Clustering With Many Variables

I have a sample data below that is from a large data set, where each participant is given multiple condition for scoring.

Determining the number of clusters in a data set, a quantity often labelled k as in the k-means algorithm, is a frequent problem in data clustering, and is a distinct issue from the process of actually solving the clustering problem. Nov 28, 2017 - We extend the variables clustering methodology by two new. Methods for mixed-type data proves to be comparable and in many cases.

I am trying to use K-mean clustering to split participants in different groups, is there any good way to do it, considering the condition is not numeric?

thanks!

D JayD Jay

3 Answers

@Anony has the right idea. You actually do have numeric data - there is (evidently) a c1-score and a c2-score for each participant. So you need to convert your data from 'long' format (data in a single column (Score) with a second column (Condition) differentiating the scores, to 'wide' format (scores under different conditions in separate columns). Then you can run kmeans clustering on the scores to group the participants.

Here is how you would do that in R, using a slightly larger example to demonstrate the clusters.

Now we can plot the scores, showing how the participant clusters.

EDIT: Response to OP's comment.

OP wants to know what to do if there is more than one score for a participant/condition. The answer depends on why there are multiple scores.
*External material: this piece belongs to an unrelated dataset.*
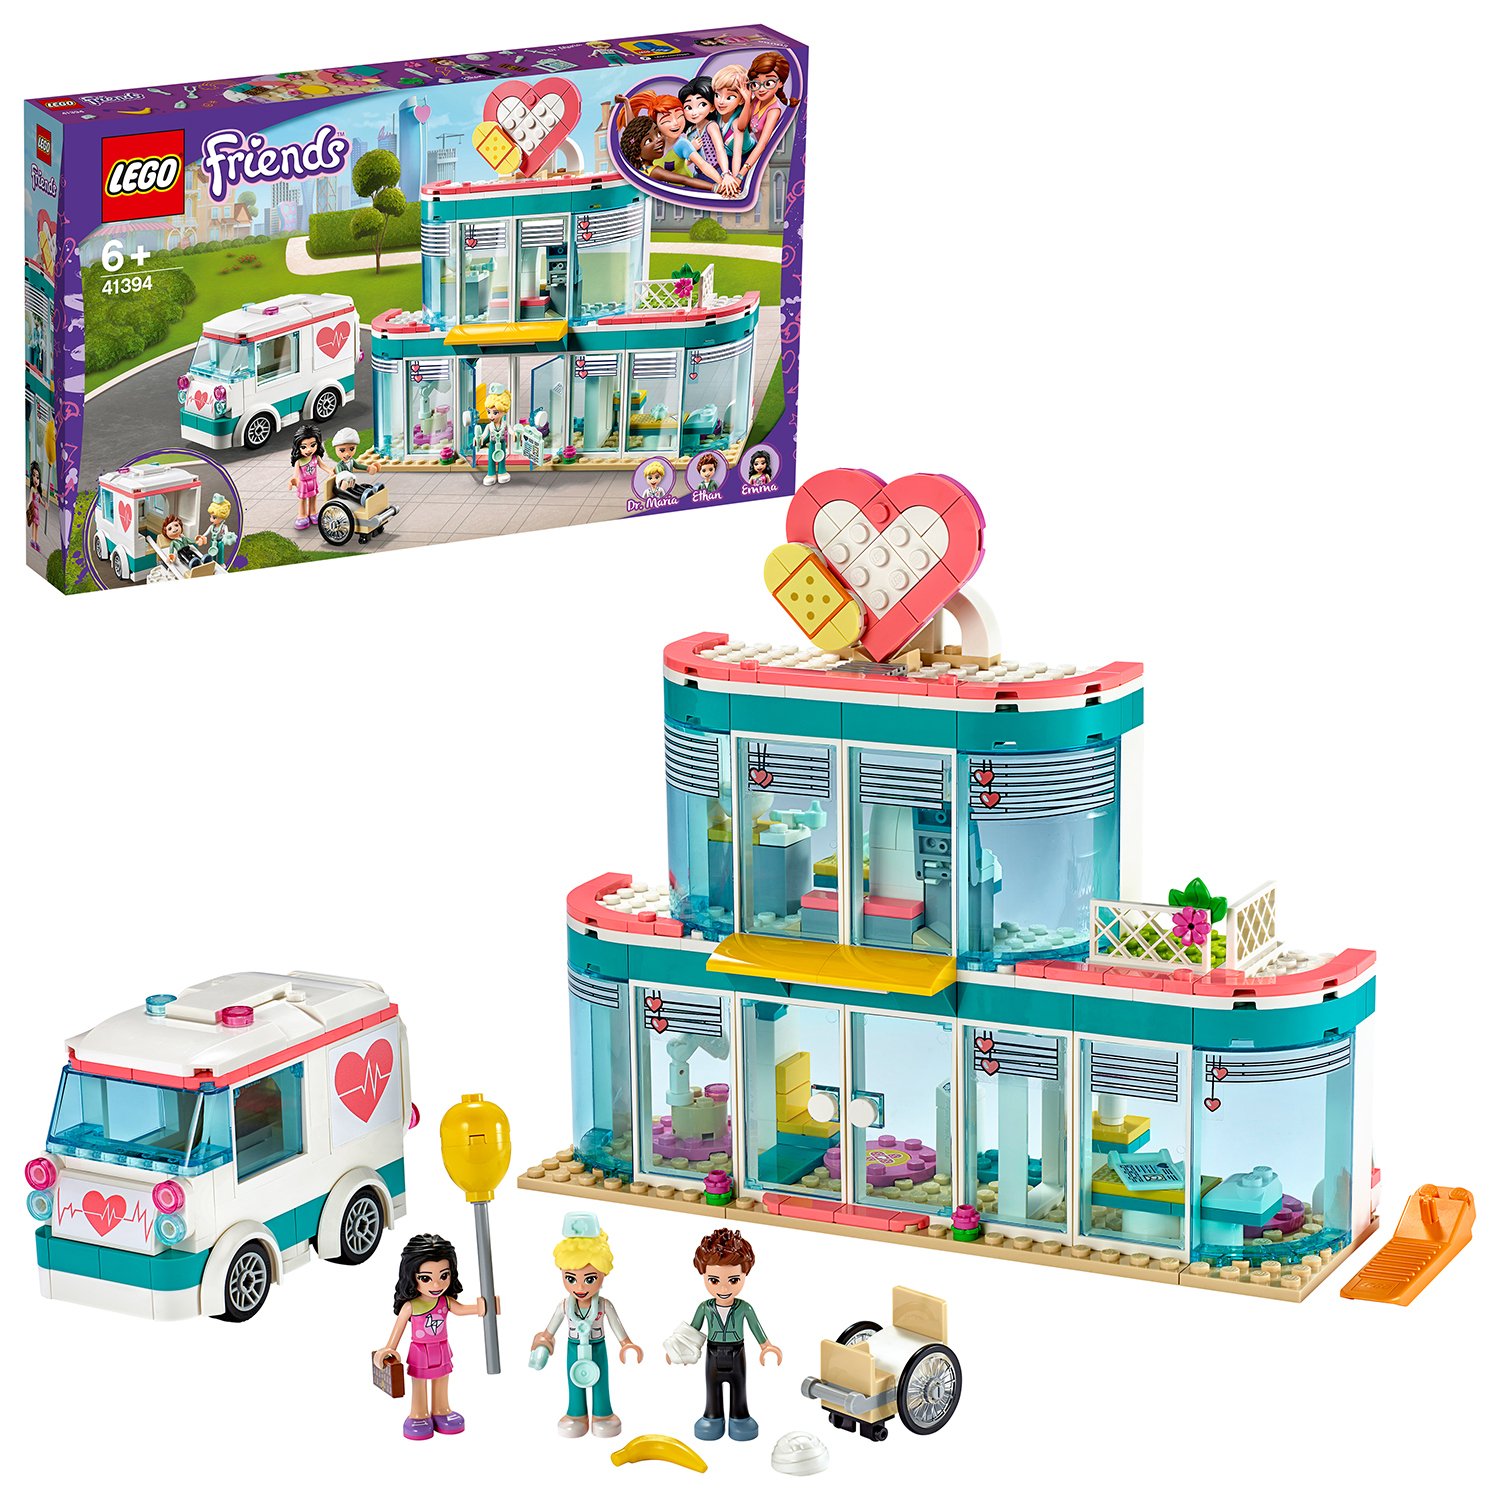 LEGO Friends Heartlake City Hospital Playset Review
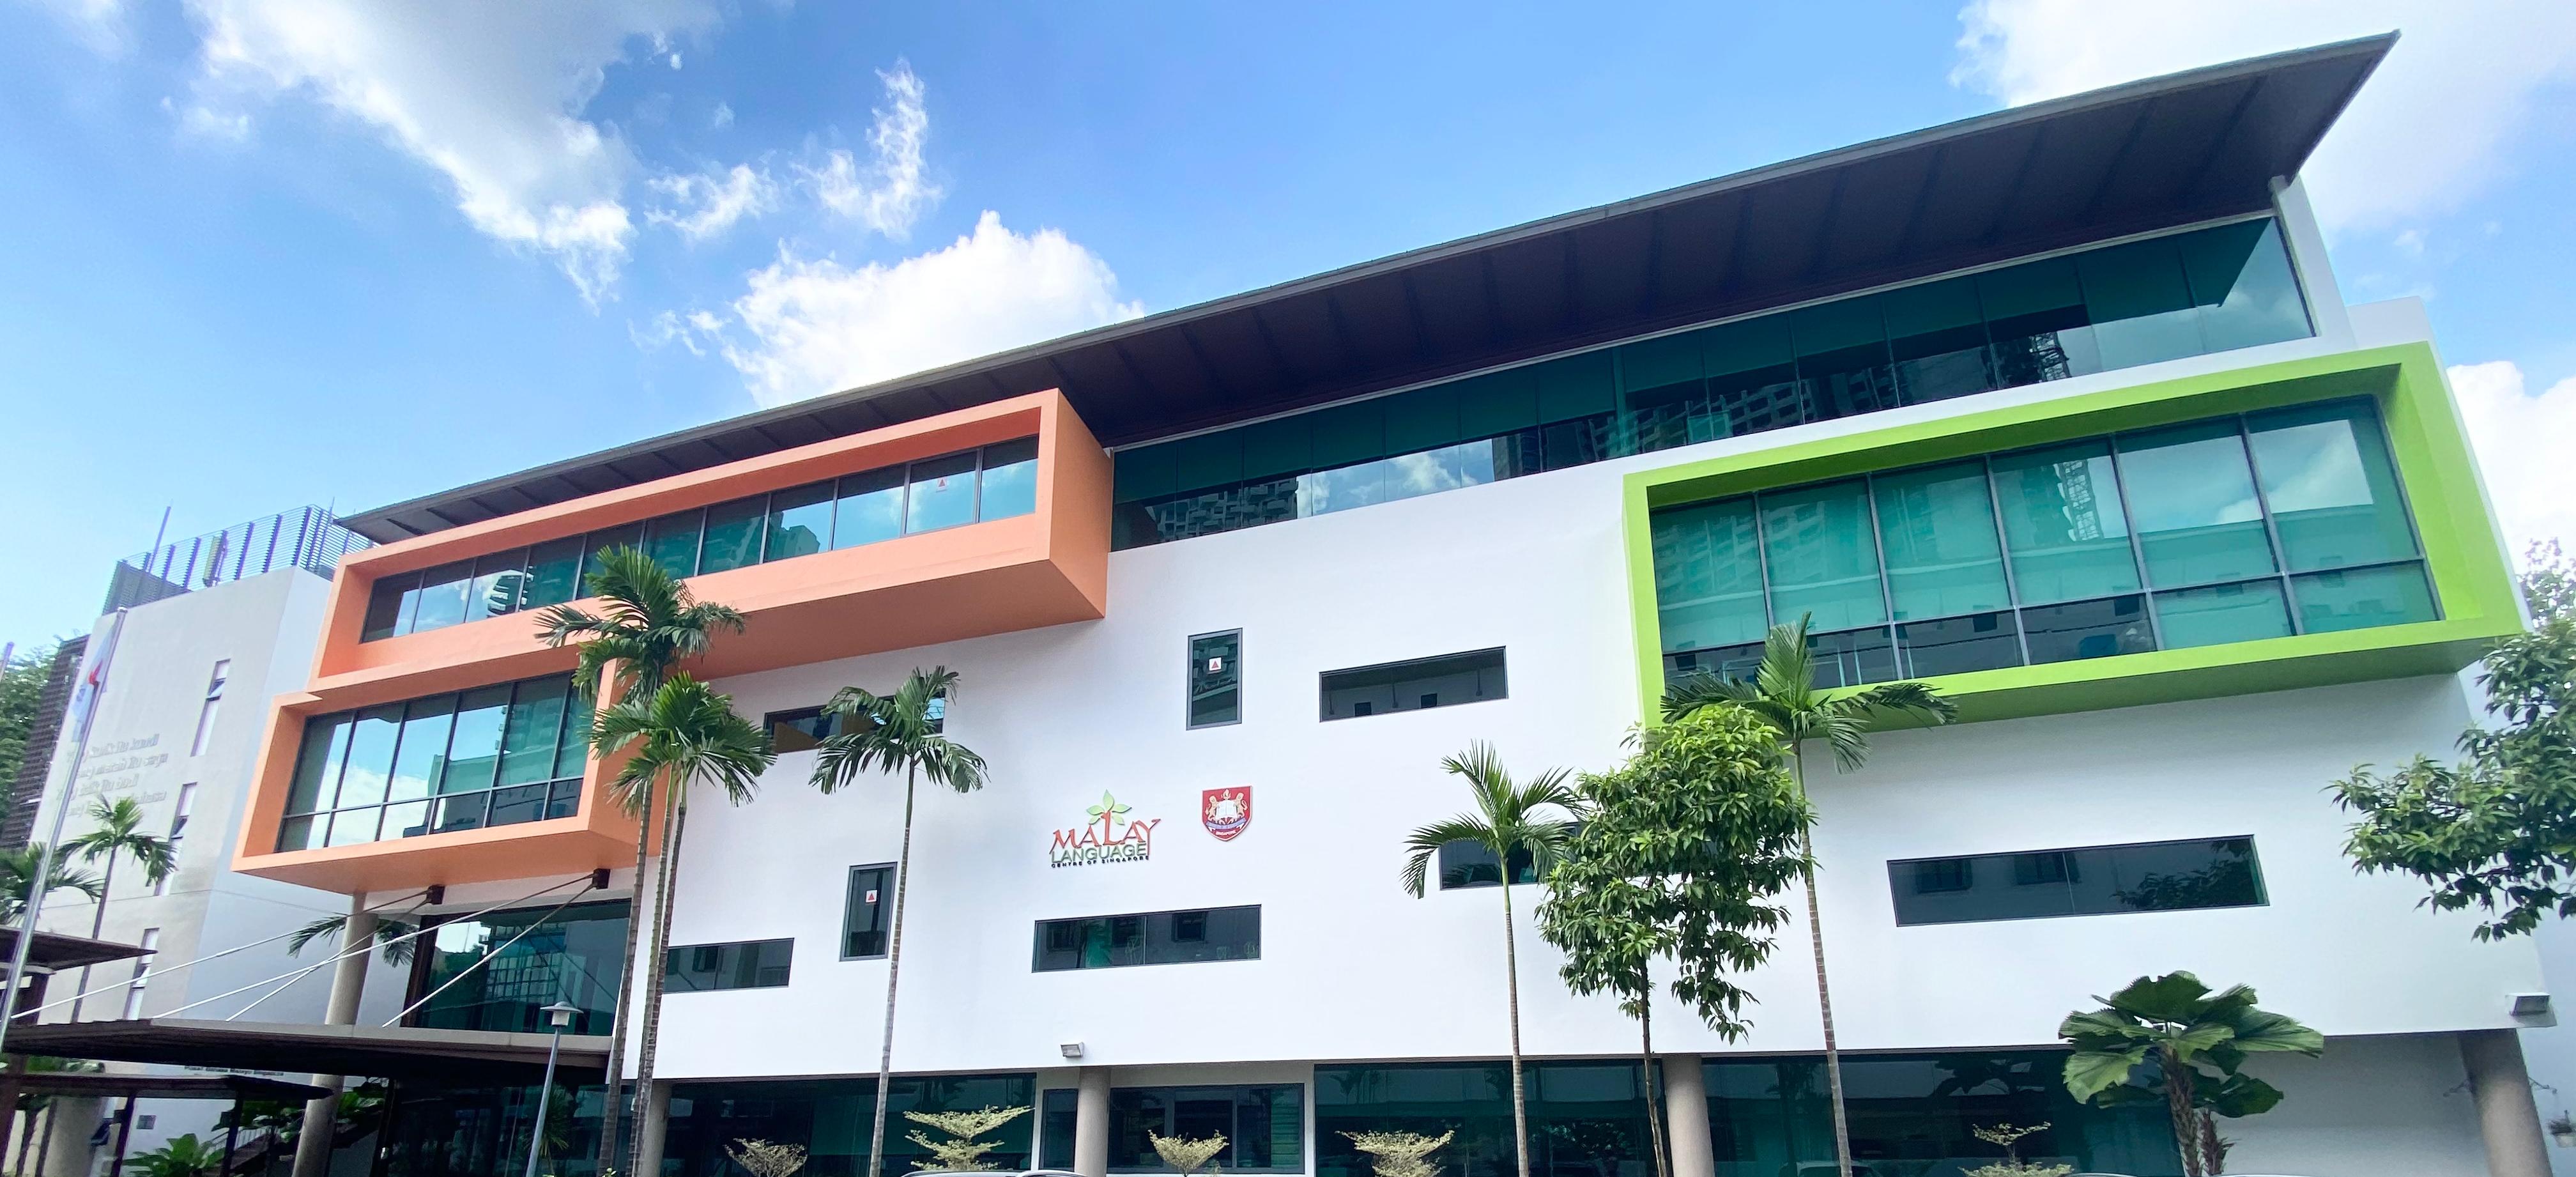 Malay Language Centre of Singapore

If the replicates are random and have a central tendency, then probably taking the mean is justified, although in theory participants with more replicates should be more heavily weighted.

One the other hand, suppose these are test scores. Then generally (but not always), the scores go up with multiple sittings. So these scores would not be random - there is a trend. In that case it might be more meaningful to take the most recent score.

As a third example, if the scores are used to make a decision based on some policy (such as with the SAT, where most colleges use the highest score), then the most appropriate aggregating function might be max, not mean.

Finally, it might be the case that the number of replicates is in fact an important distinguishing characteristic. In that case you would include not just the scores but also the number of replicates for each participant/condition when clustering. This is relevant in certain kinds of standardized testing under NCLB, where students take the test over and over again until they pass.

BTW: This type of question (the one in your comment) definitely belongs on https://stats.stackexchange.com/.

Community♦

jlhowardjlhoward

46.8k5 gold badges60 silver badges105 bronze badges

You should pivot your data, so that

each participant is a row
each condition is a column
the scores are your data

Try the reshape2 package.

Anony-MousseAnony-Mousse

60.7k8 gold badges100 silver badges165 bronze badges

You have 3 variables which will be used to split your data in groups. Two of them are categorical which might cause a problem. You can use k-means to split your data in groups but you will need to make dummies for your categorical data (condition and participant) and scale your continuous variable Score.

Using categorical data in K-means is not optimal because k-means cannot handle them well. The dummies will be highly correlated which might cause the algorithm to put too much weight on them and produce suboptimal results.

For the reason above, you can use different techniques such as hierarchical clustering or running a PCA on your data (in order to have continuous uncorrelated data) and then perform a normal k-means model on the PC scores.

These links give good answers:link1link2

Hope that helps!

Community♦

LyzandeRLyzandeR

29.4k11 gold badges50 silver badges70 bronze badges

3 Answers

Not the answer you're looking for? Browse other questions tagged rcluster-analysisk-meansmean or ask your own question.